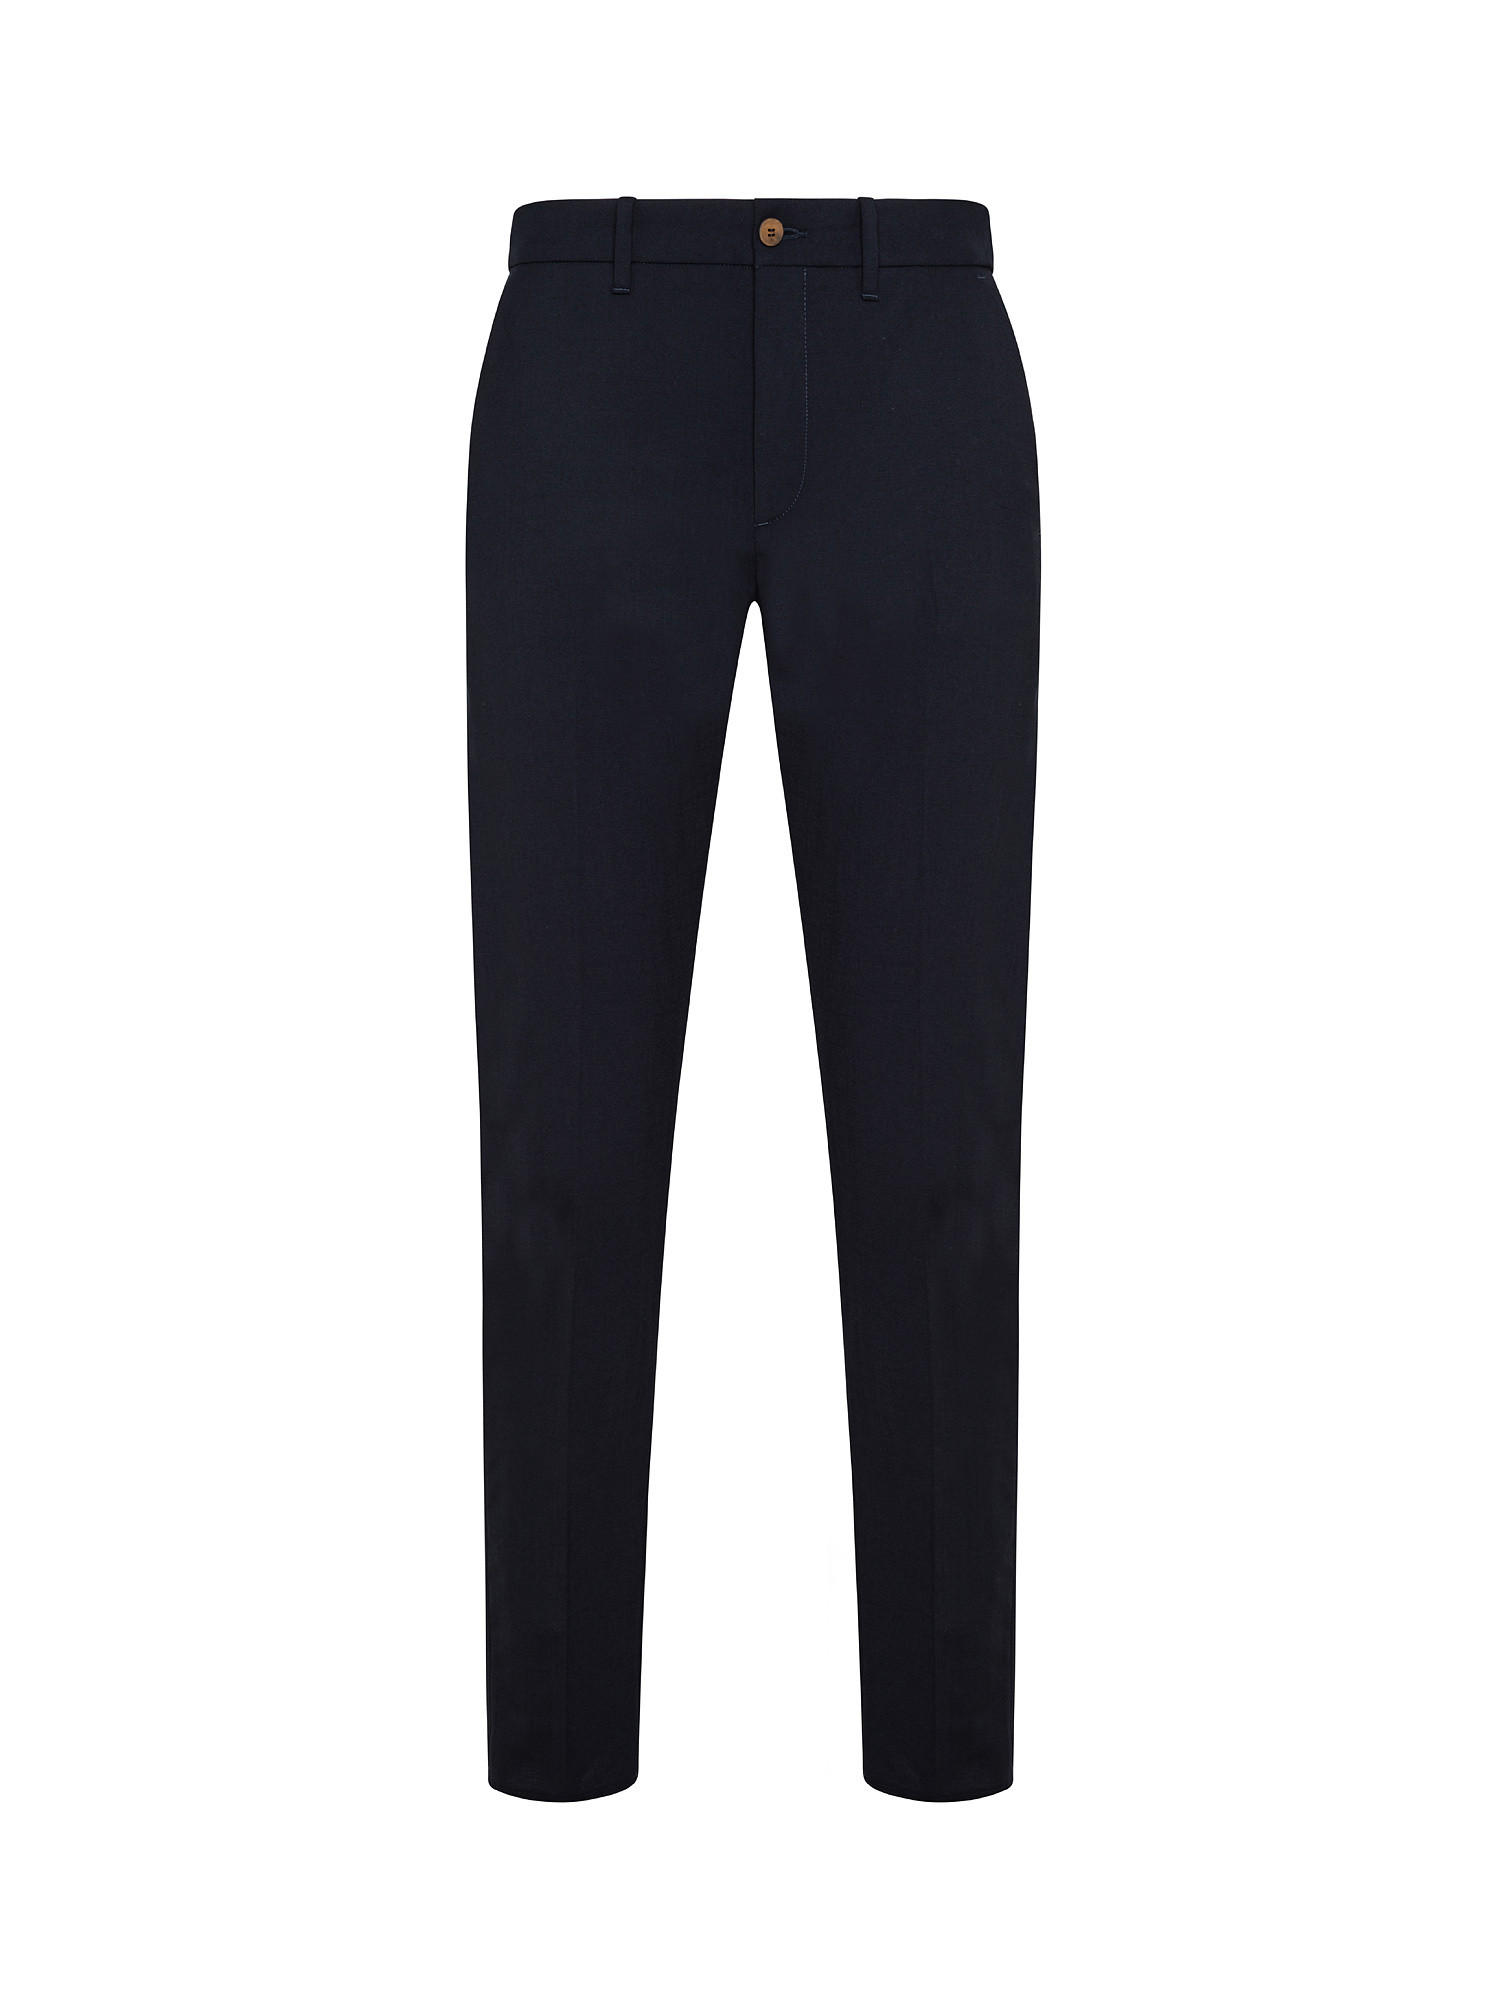 Pantaloni Chino coulisse, Blu scuro, large image number 0
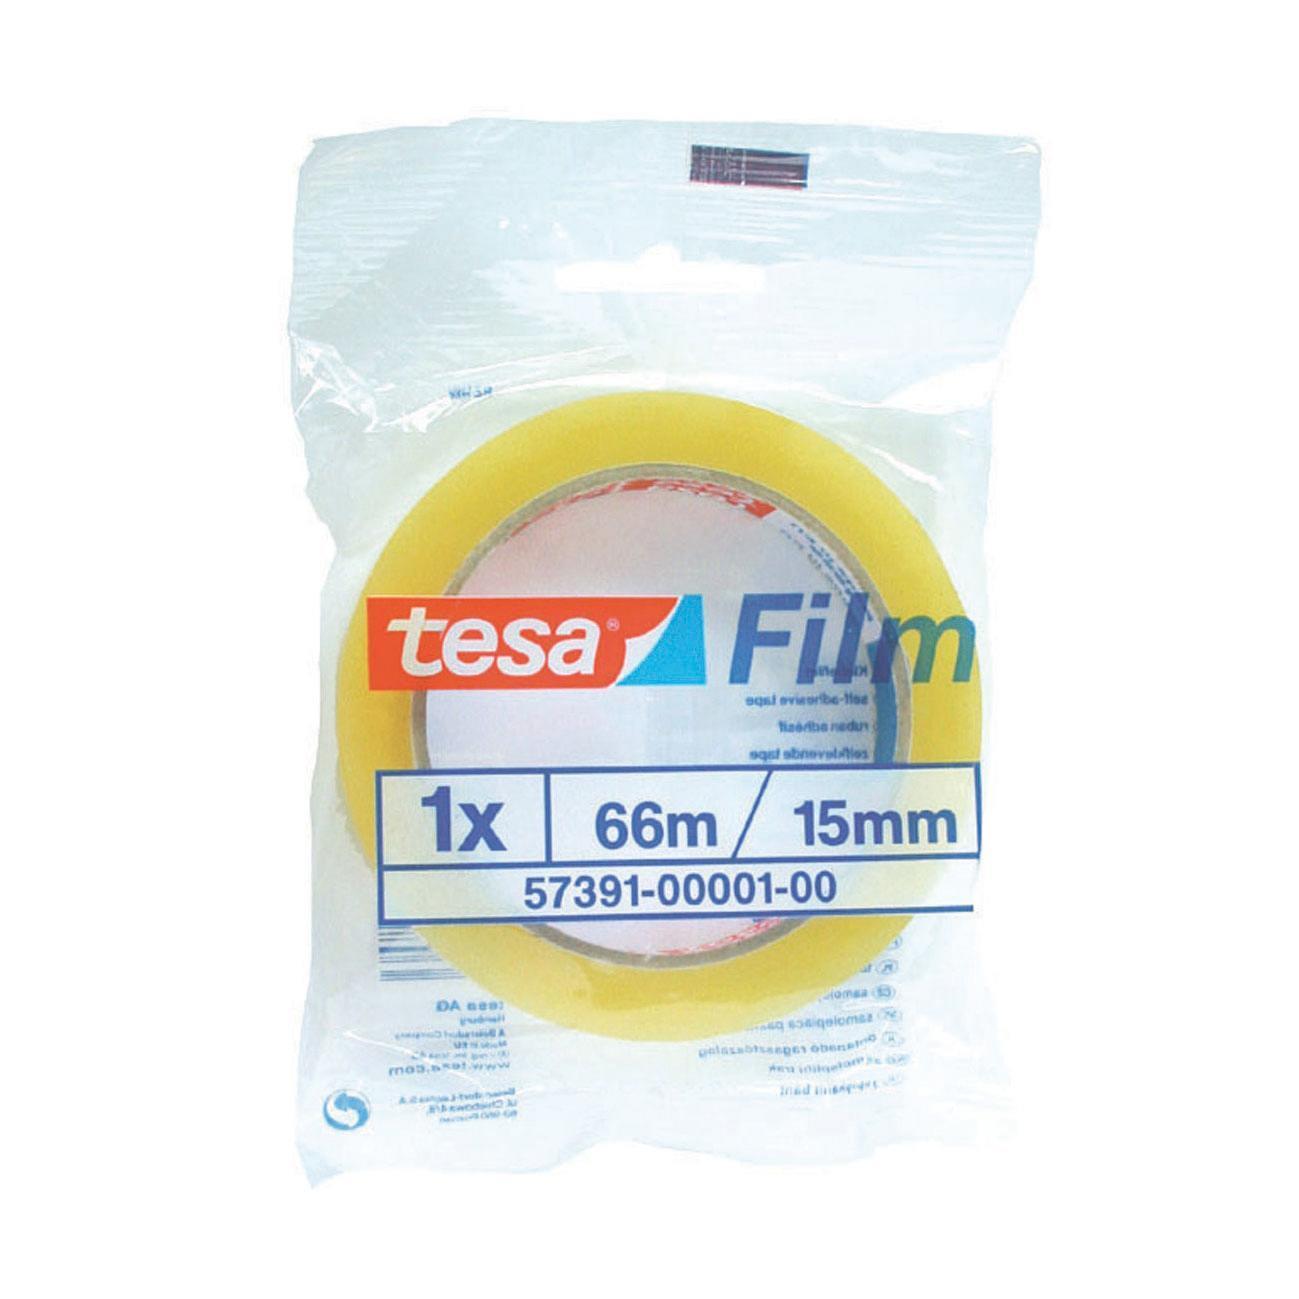 Nastro adesivo TESA tesafilm 15 mm x 66 m trasparente - 3
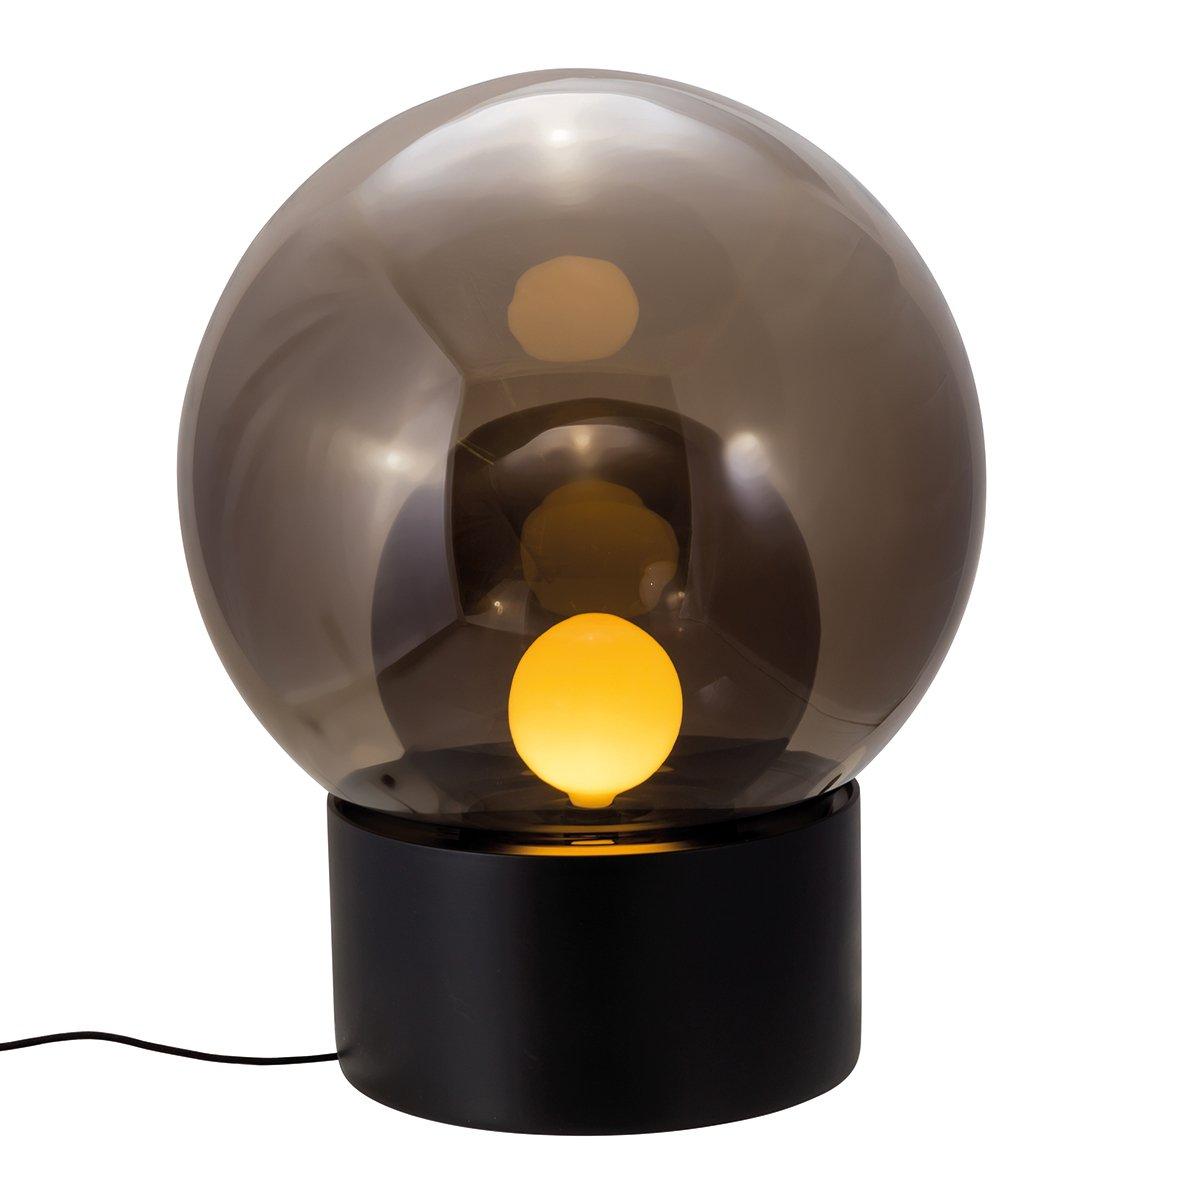 Pulpo Boule Medium Vloerlamp - Zwart - Smoke Grey
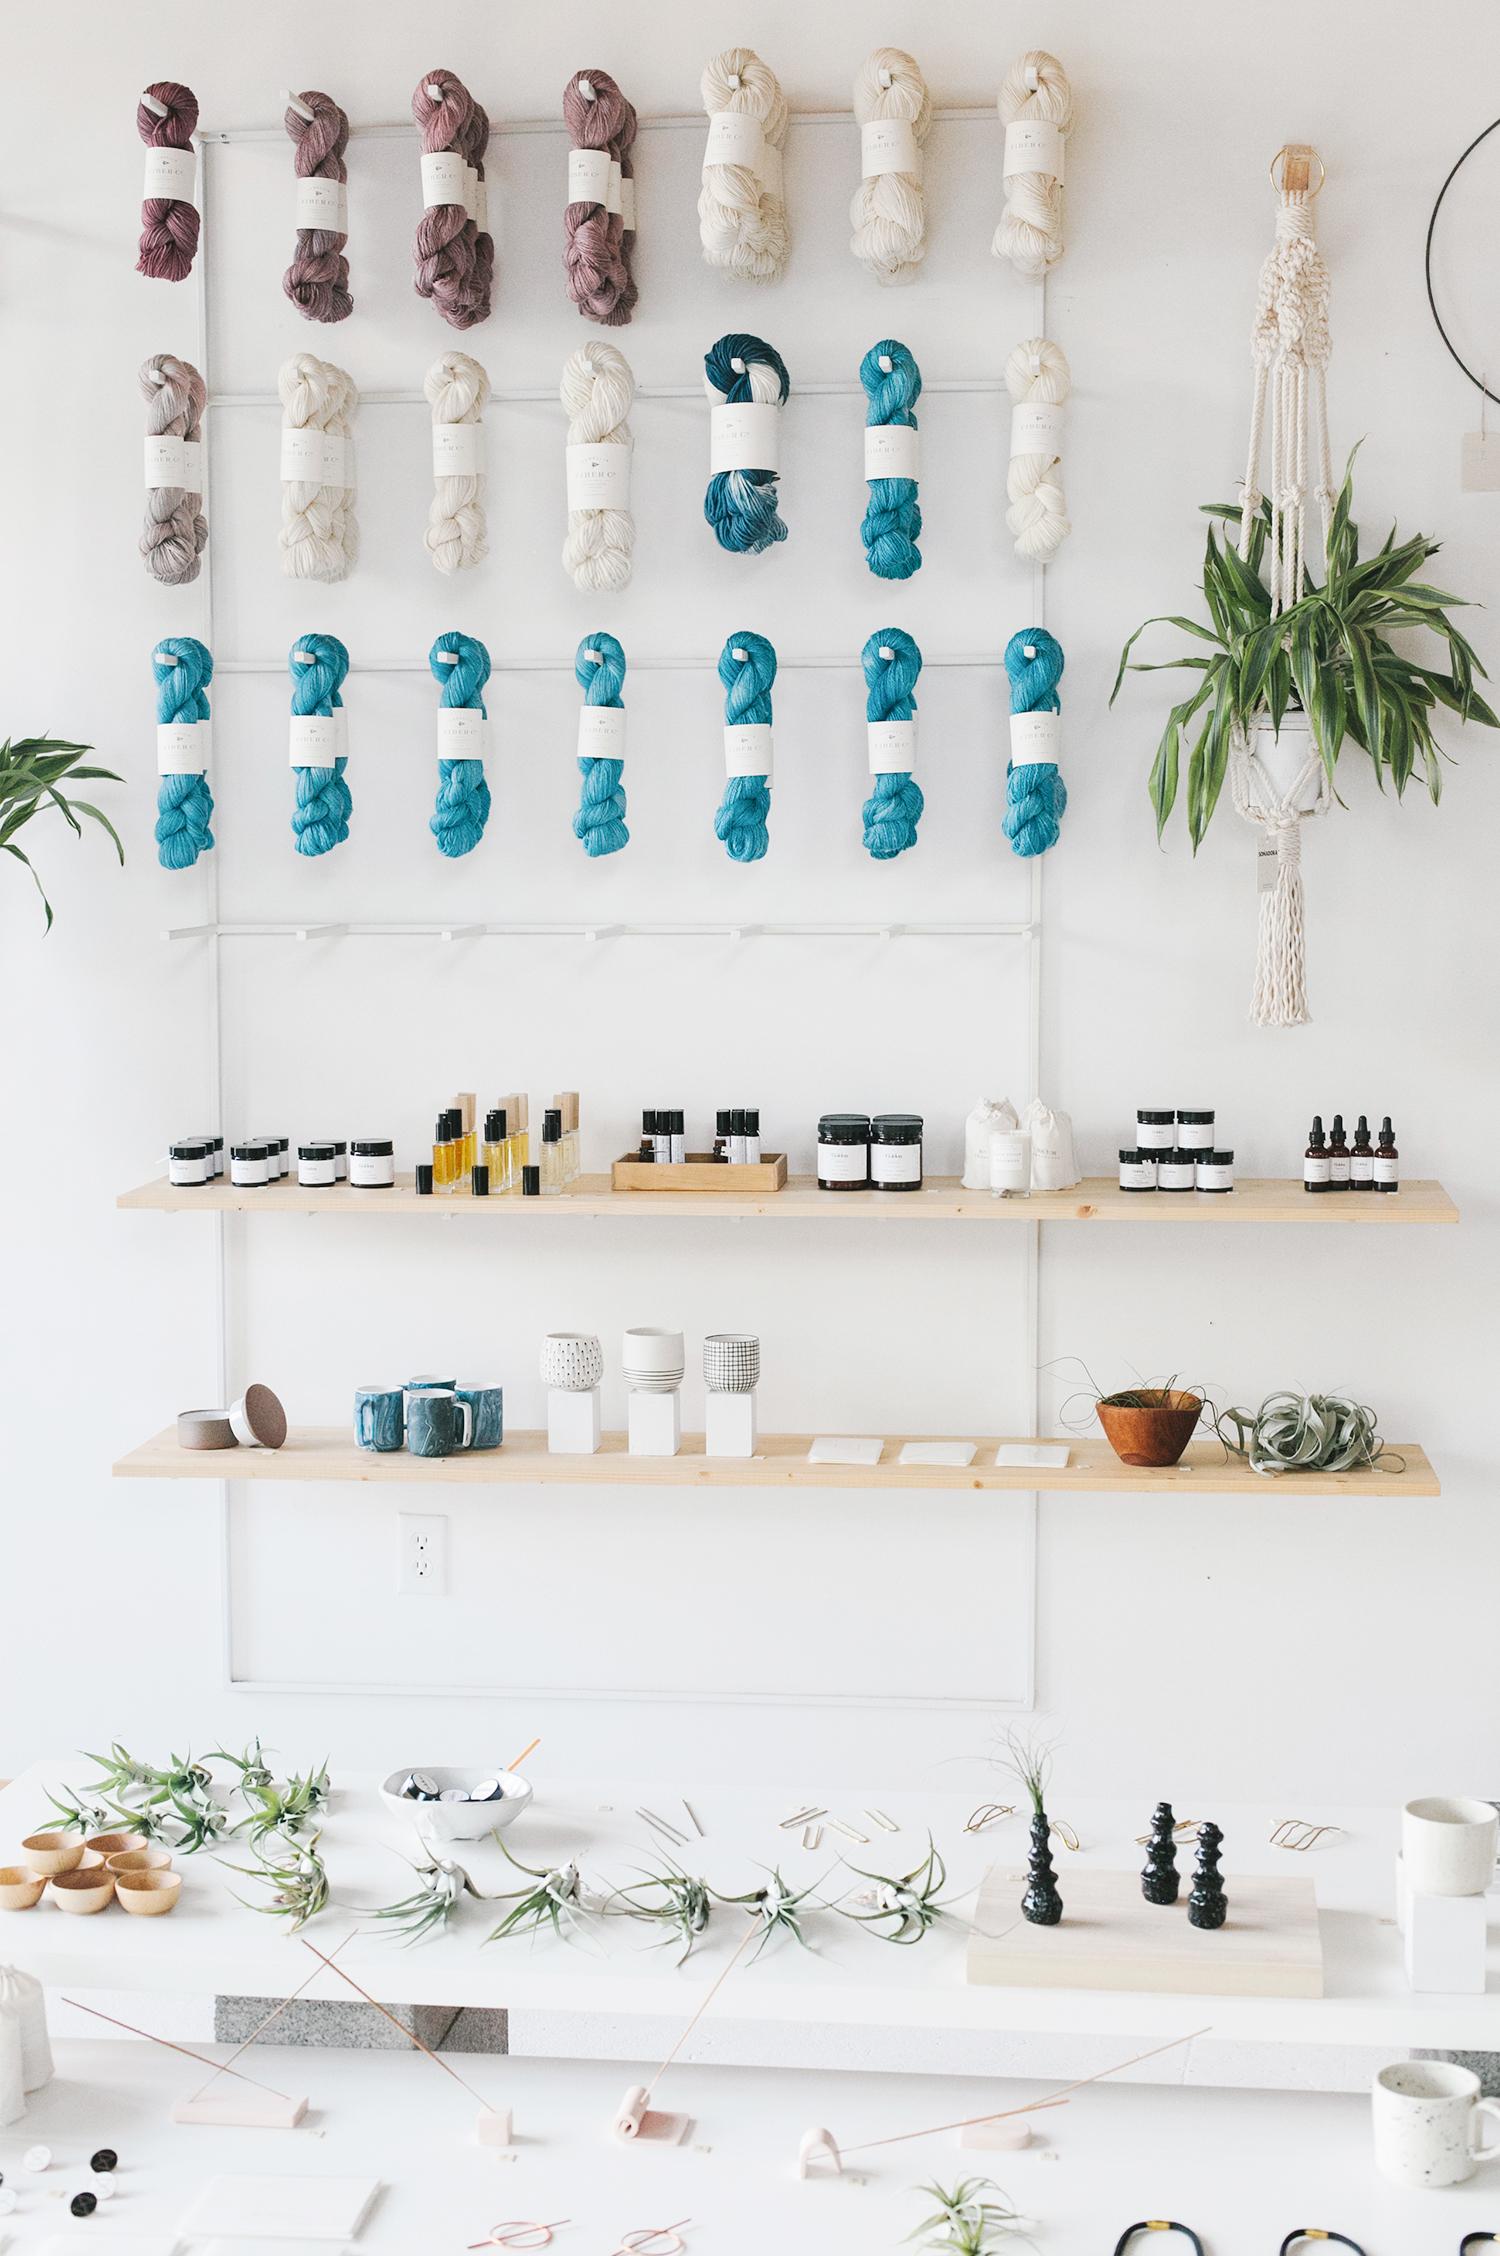 Shop Stops - KOEL yarn shops around the globe

• _What this task involves_: From the first line to the last, please copy the data exactly, with the pictures left out.

• _Output below_:
 Pantaloni Chino coulisse, Blu scuro, large image number 0
 Nastro adesivo TESA tesafilm 15 mm x 66 m trasparente - 3
 Pulpo Boule Medium Vloerlamp - Zwart - Smoke Grey
 Shop Stops - KOEL yarn shops around the globe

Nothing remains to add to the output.